**Given information:**
+ + + +

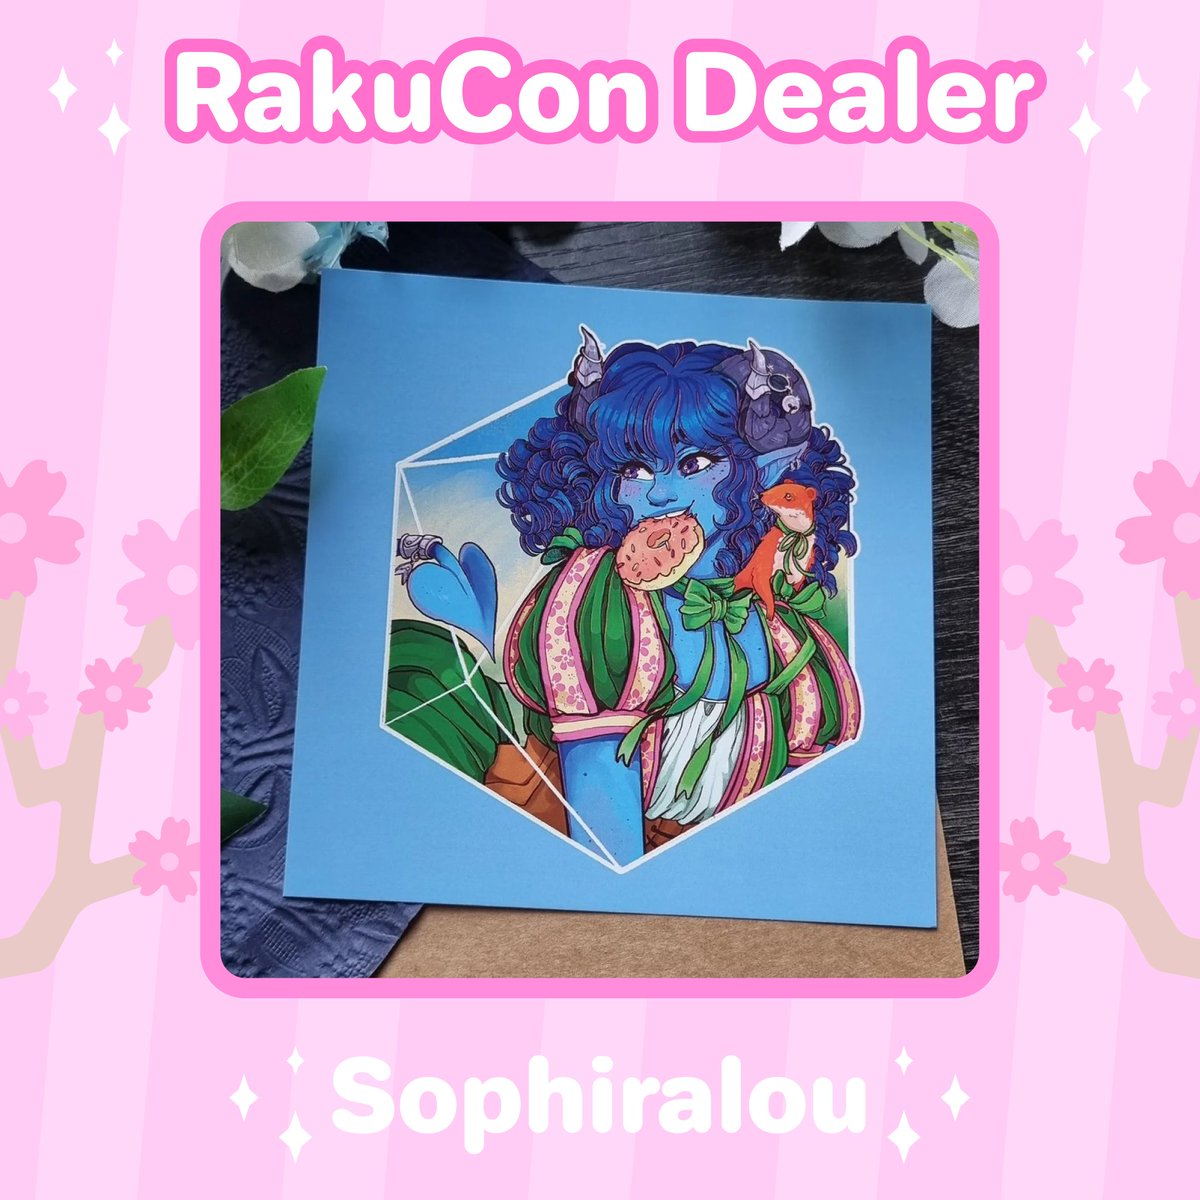 We're delighted to welcome back @sophiralou to RakuCon! 🌸 They sell a lovely range of wooden pins, prints, notepads, stickers and more! 💕
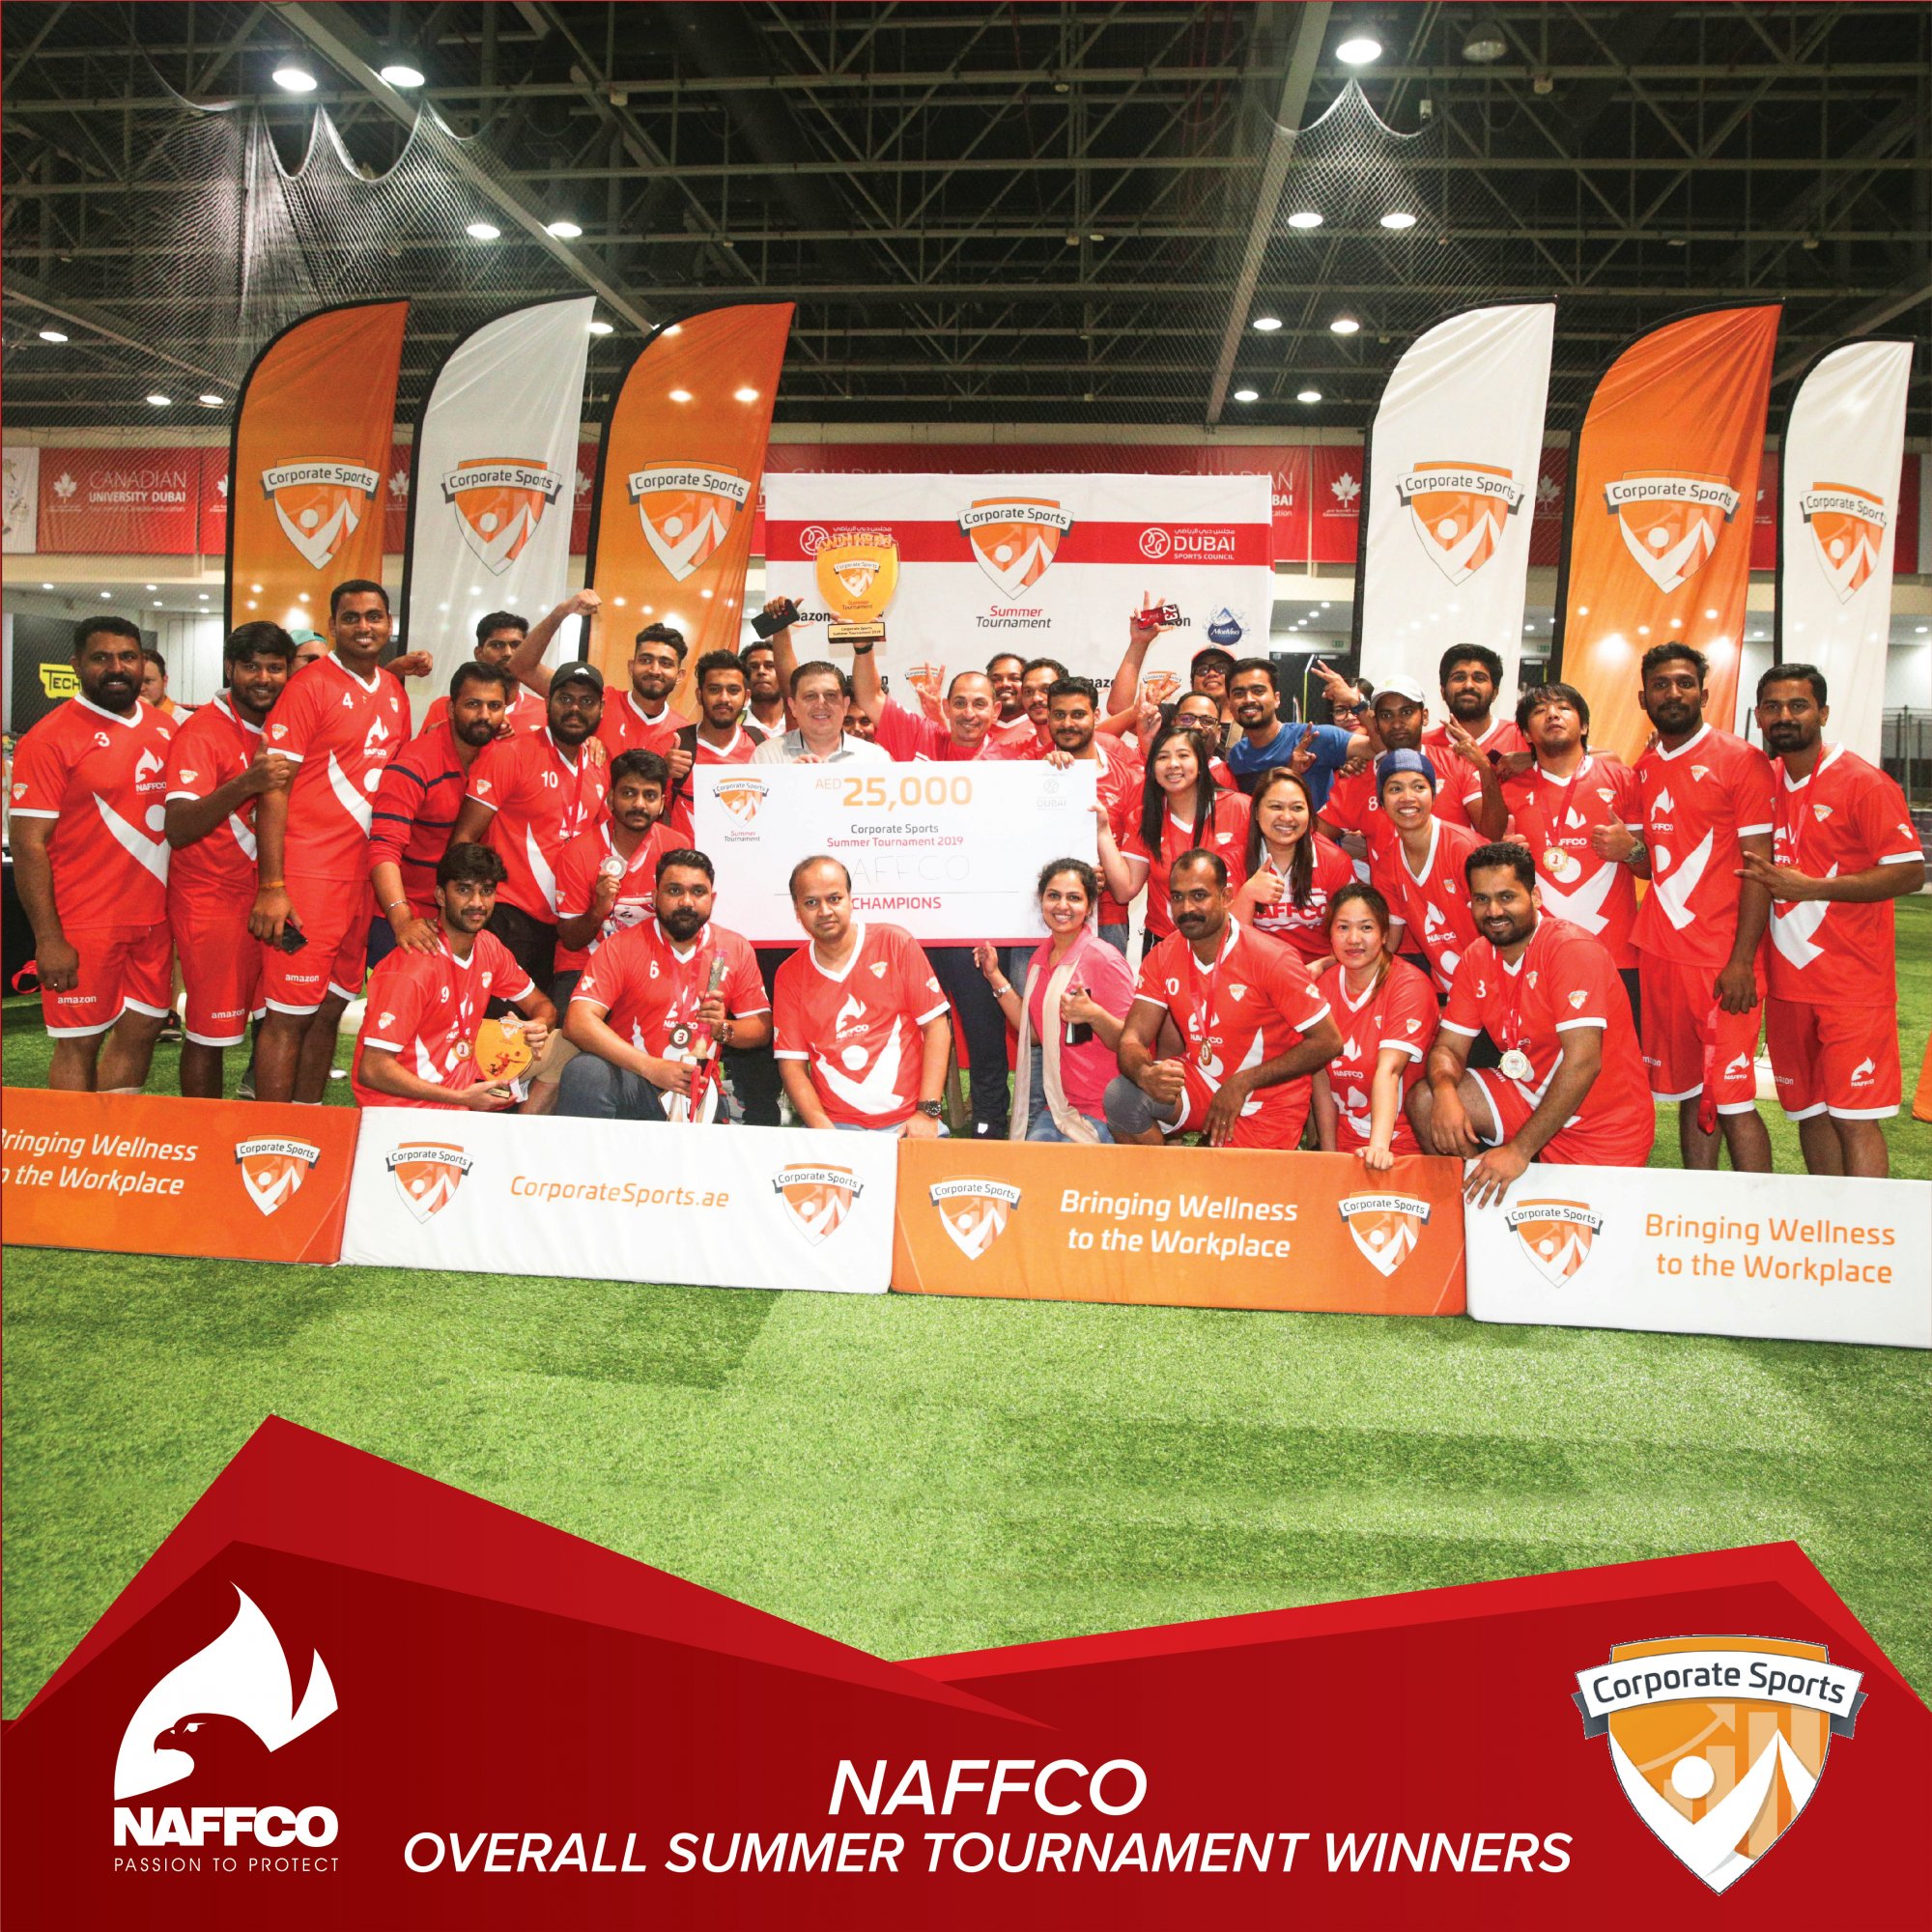 NAFFCO wins First Position in Volleyball, Badminton, Table Tennis, Over all Tournament organized by Corporate Sports 2019 
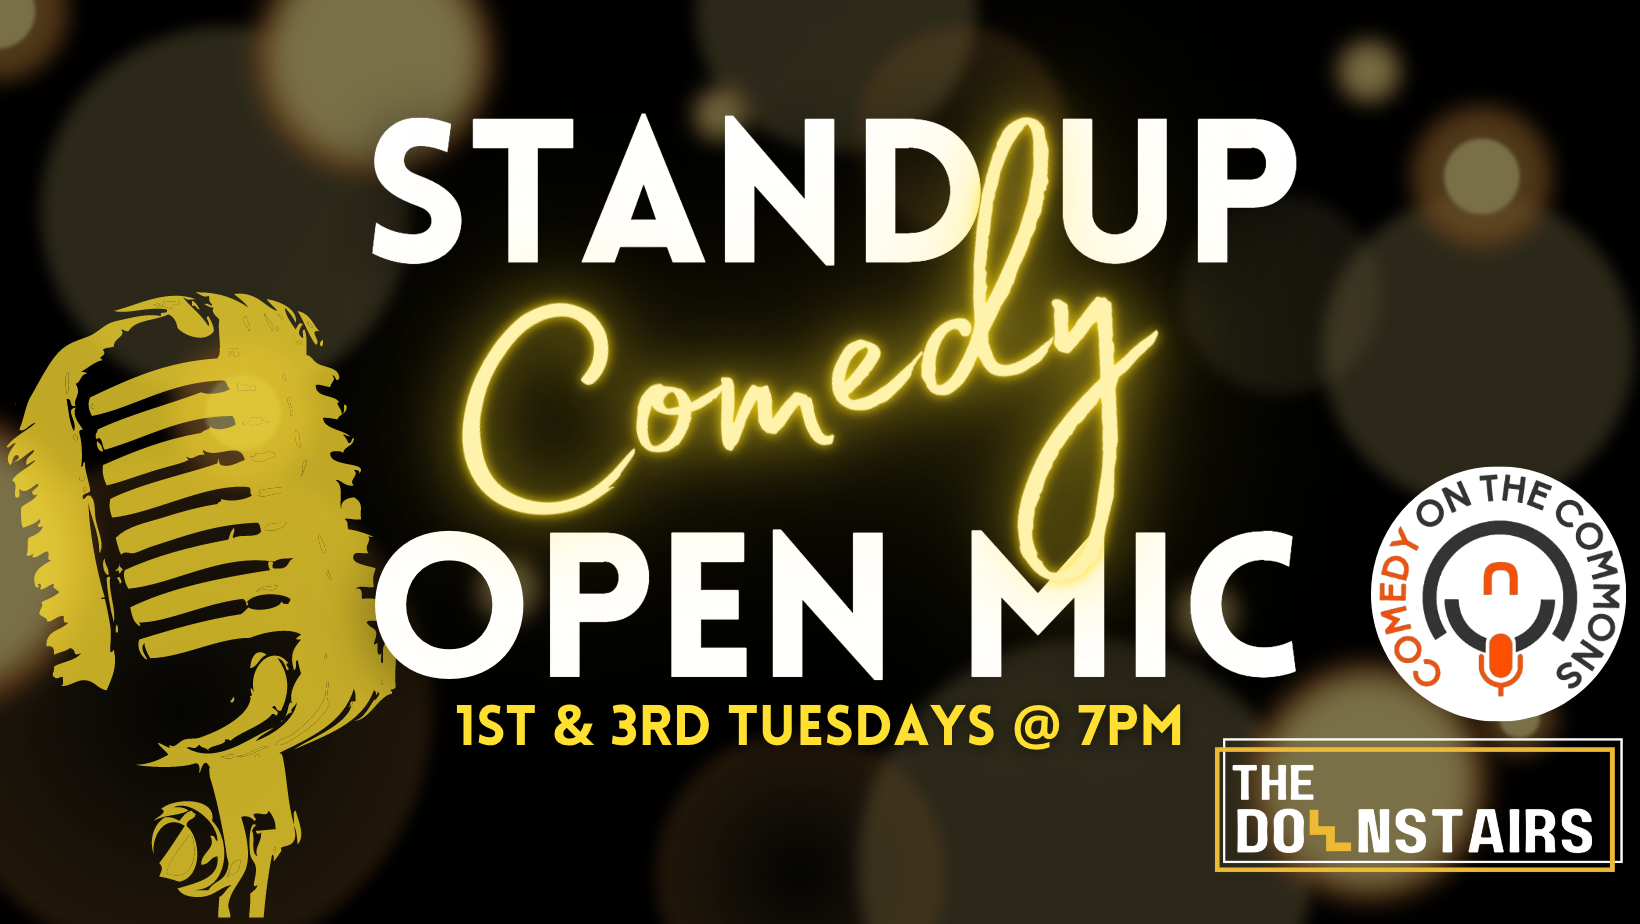 Open Mic Stand Up Comedy Night

+ + + +

**Try it:** Retype the listing verbatim, minus every image.

**Answer to the exercise:**
 We're delighted to welcome back @sophiralou to RakuCon! 🌸 They sell a lovely range of wooden pins, prints, notepads, stickers and more! 💕
 NAFFCO wins First Position in Volleyball, Badminton, Table Tennis, Over all Tournament organized by Corporate Sports 2019 
 Open Mic Stand Up Comedy Night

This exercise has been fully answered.